• **What the task requires**: Set down each line of the material that follows, exactly, with no pictures.
[Provided material Boundary: Start]
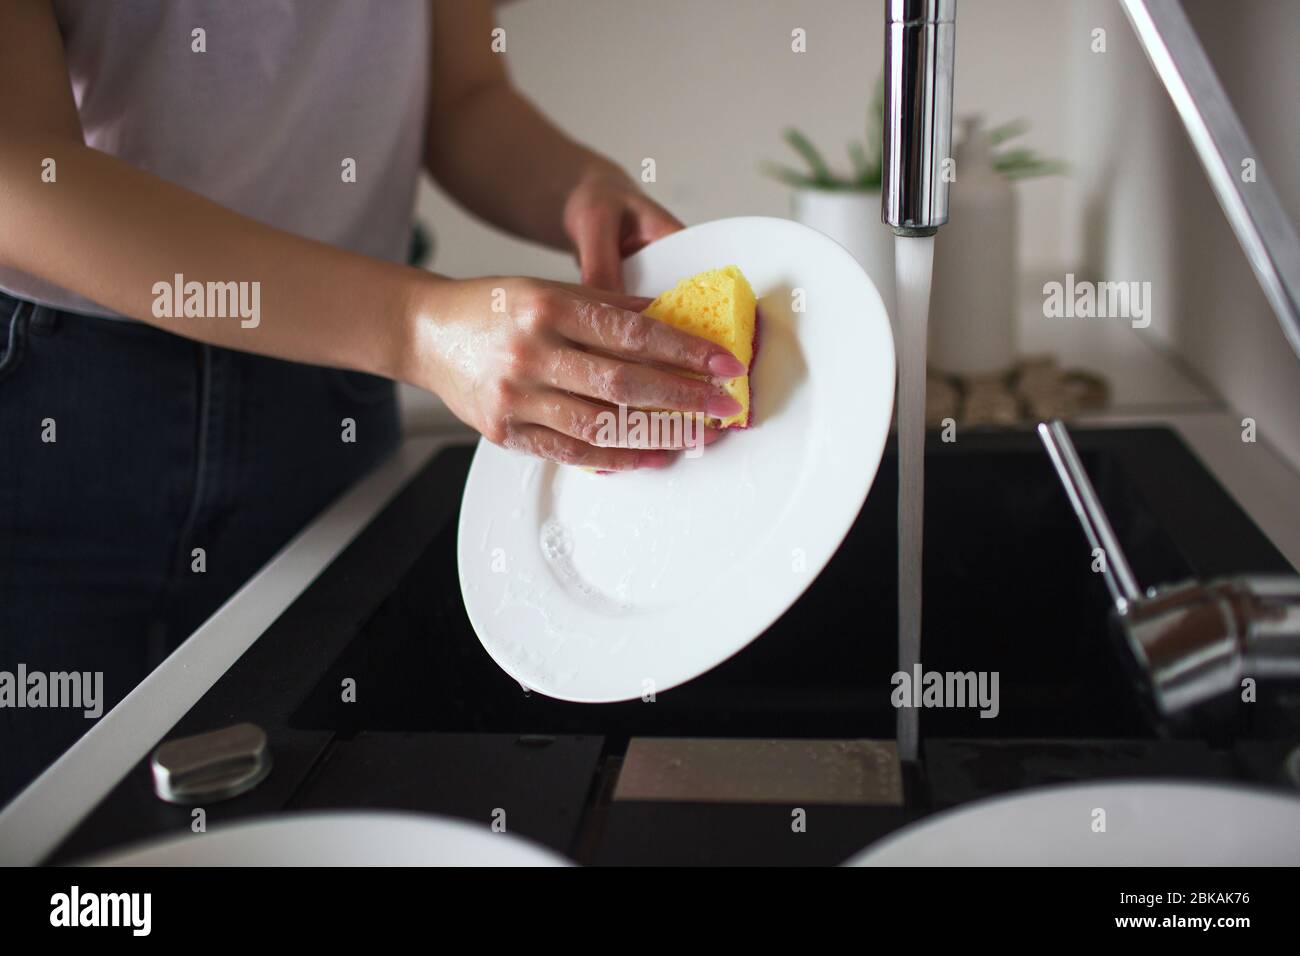 https://c8.alamy.com/comp/2BKAK76/young-woman-in-kitchen-during-quarantine-whshing-white-plates-with-sponge-and-dishwasher-cleaning-dishes-alone-in-kitchen-cut-view-2BKAK76.jpg
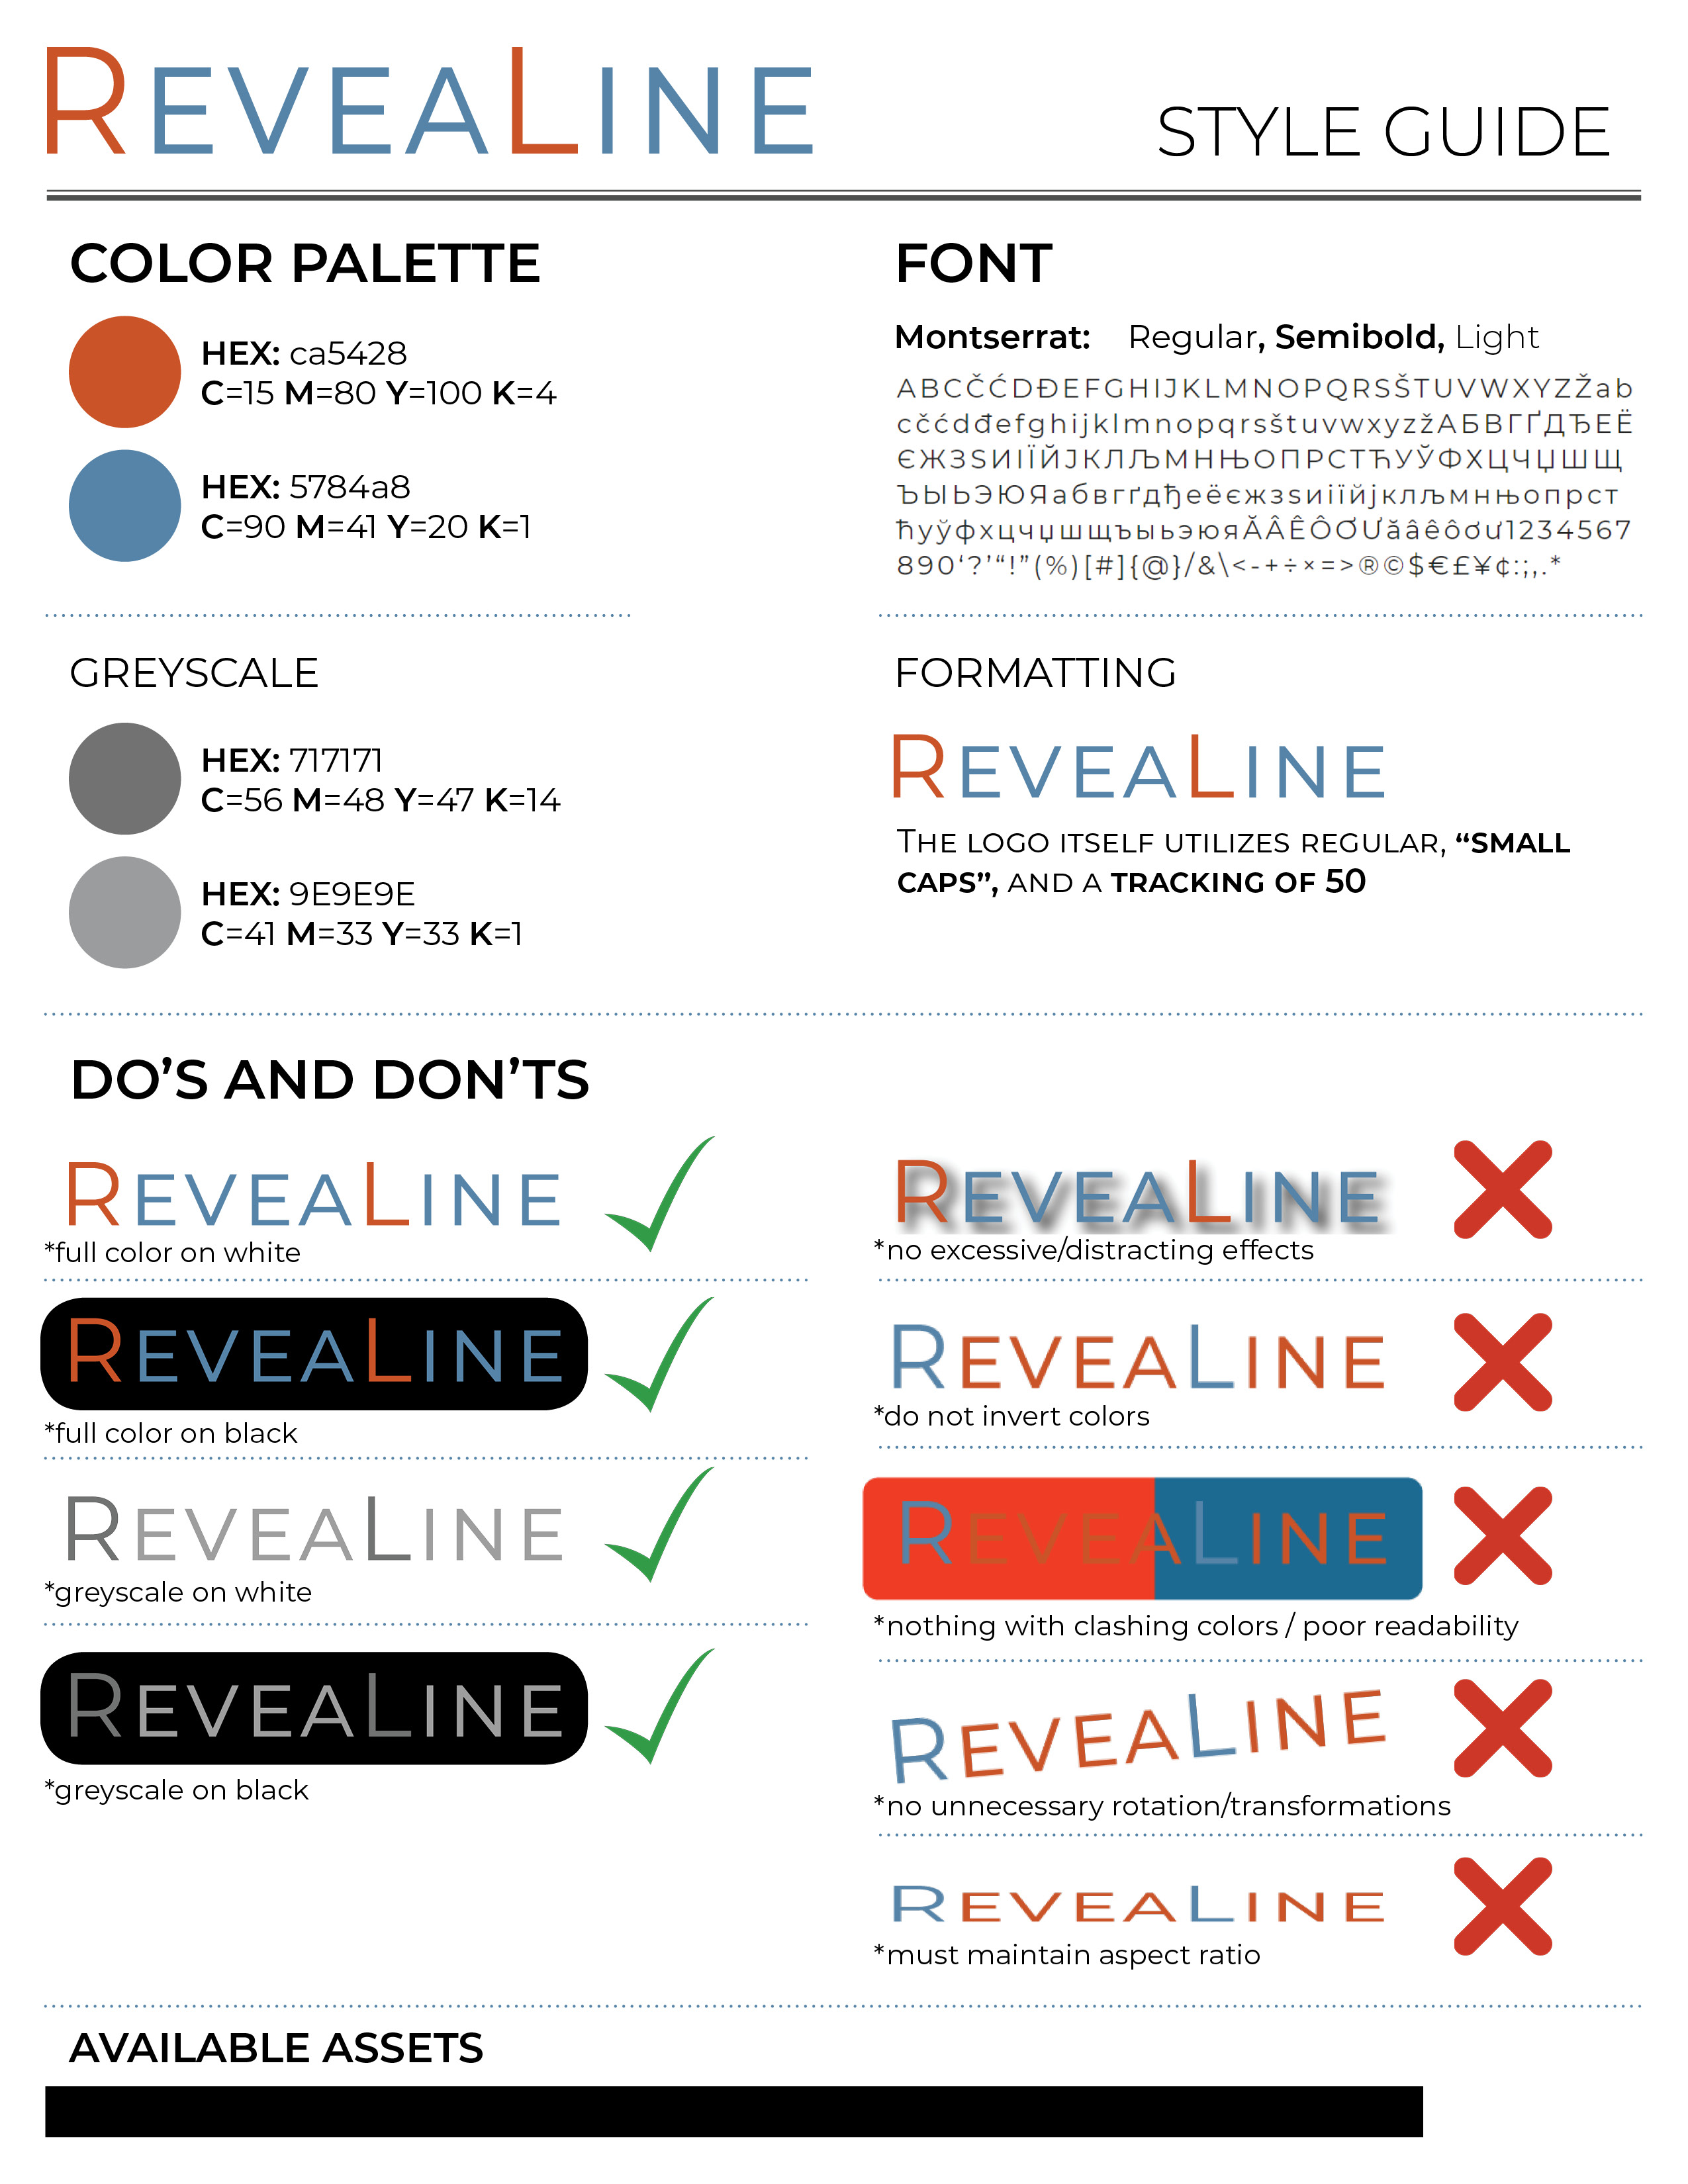 ReveaLine Style Guide
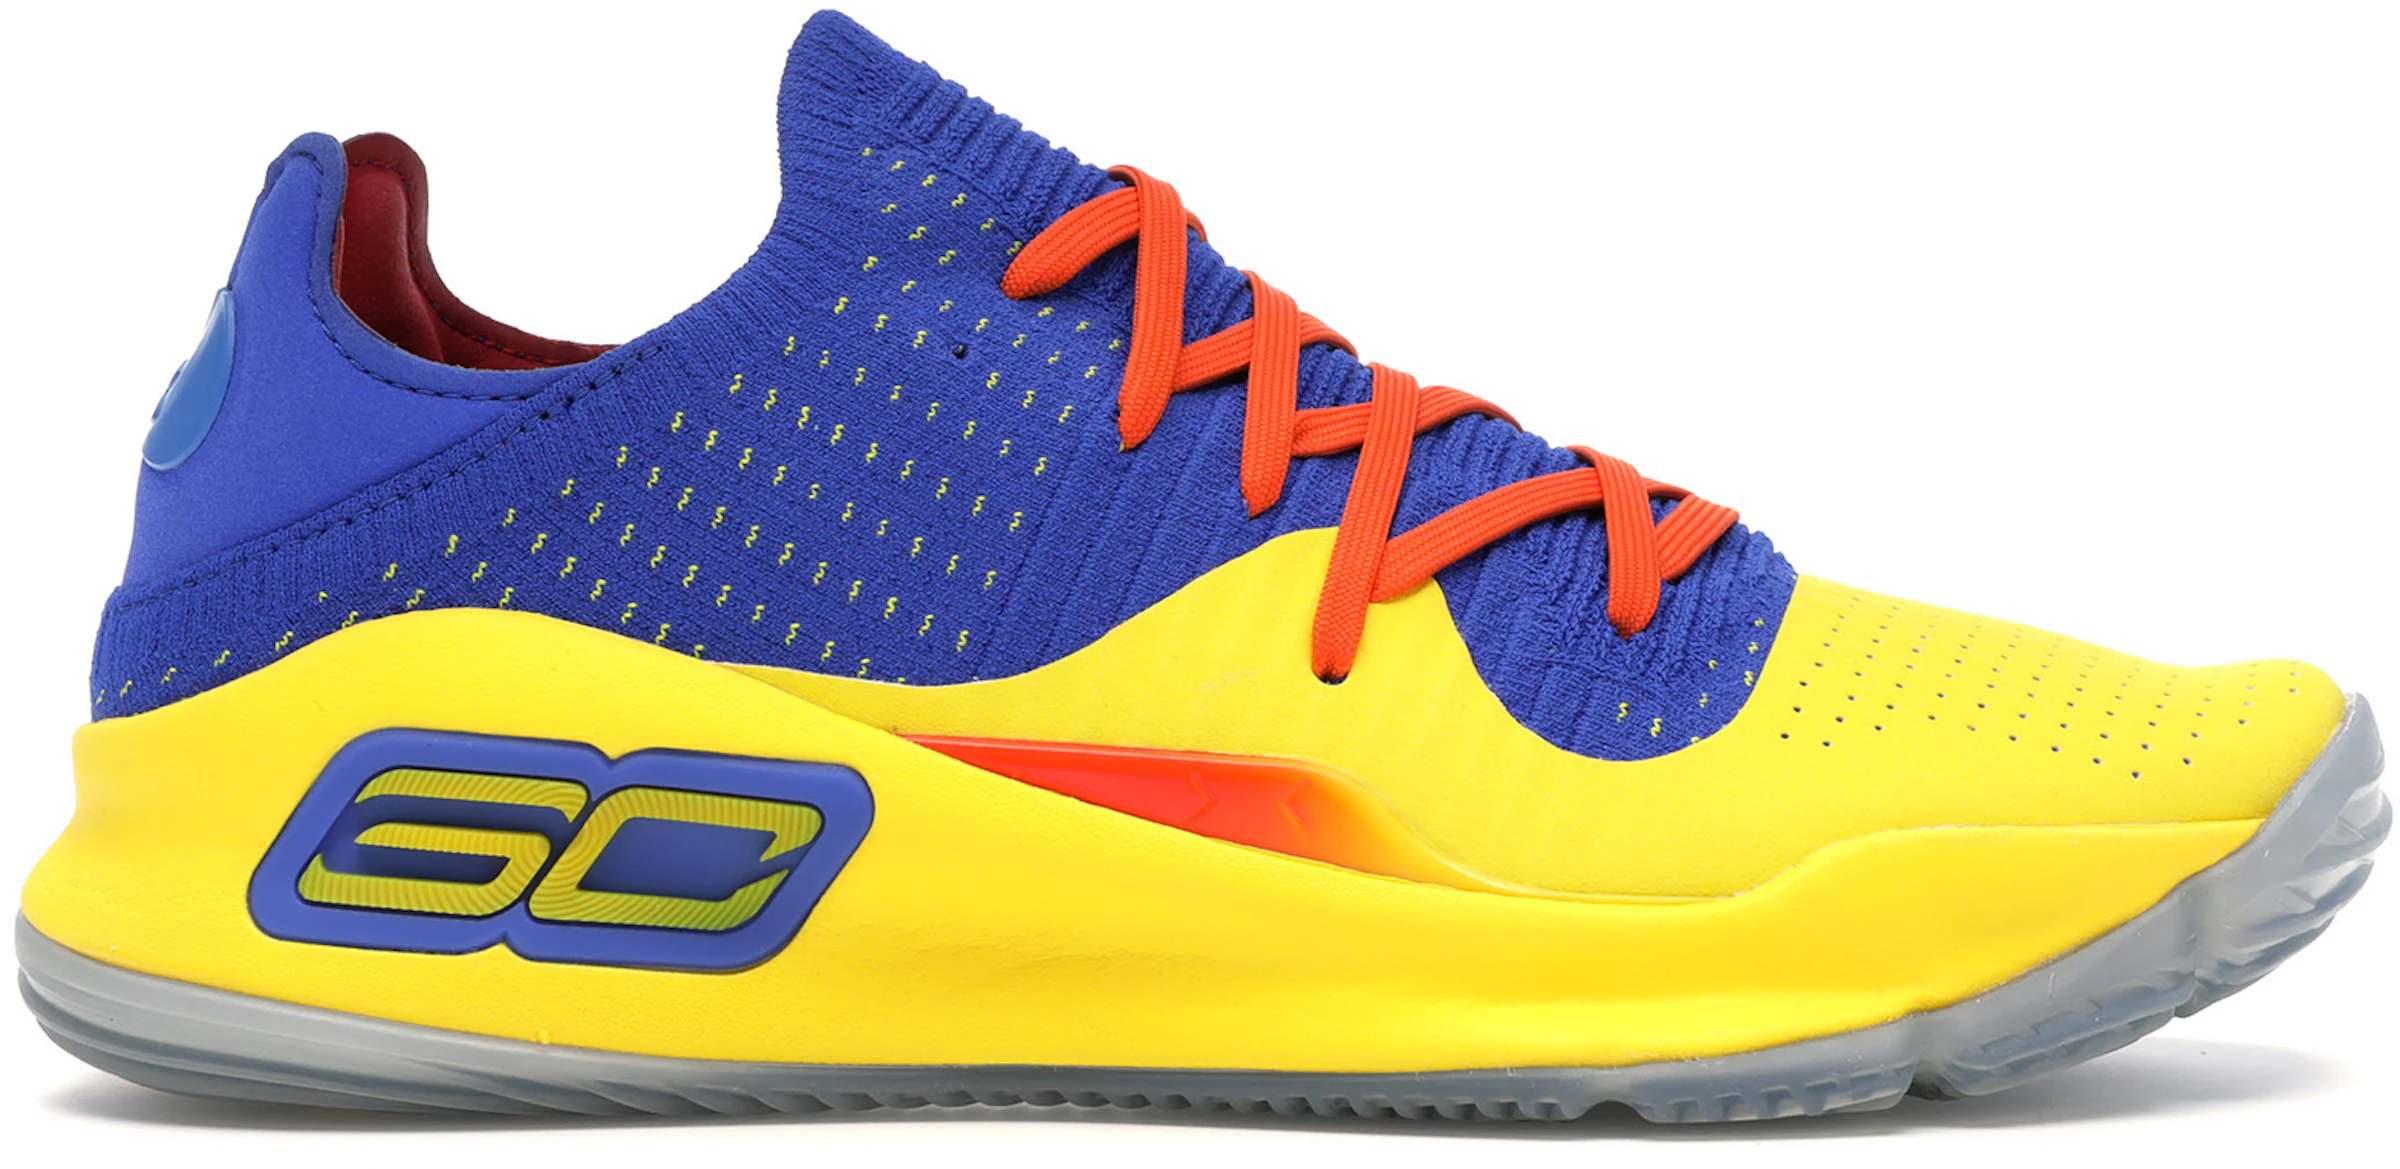 Under Armour Curry 4 Low - 3000083-402 -
[Provided material Boundary: End]
• **Solution**:
 https://c8.alamy.com/comp/2BKAK76/young-woman-in-kitchen-during-quarantine-whshing-white-plates-with-sponge-and-dishwasher-cleaning-dishes-alone-in-kitchen-cut-view-2BKAK76.jpg
 ReveaLine Style Guide
 Under Armour Curry 4 Low - 3000083-402 -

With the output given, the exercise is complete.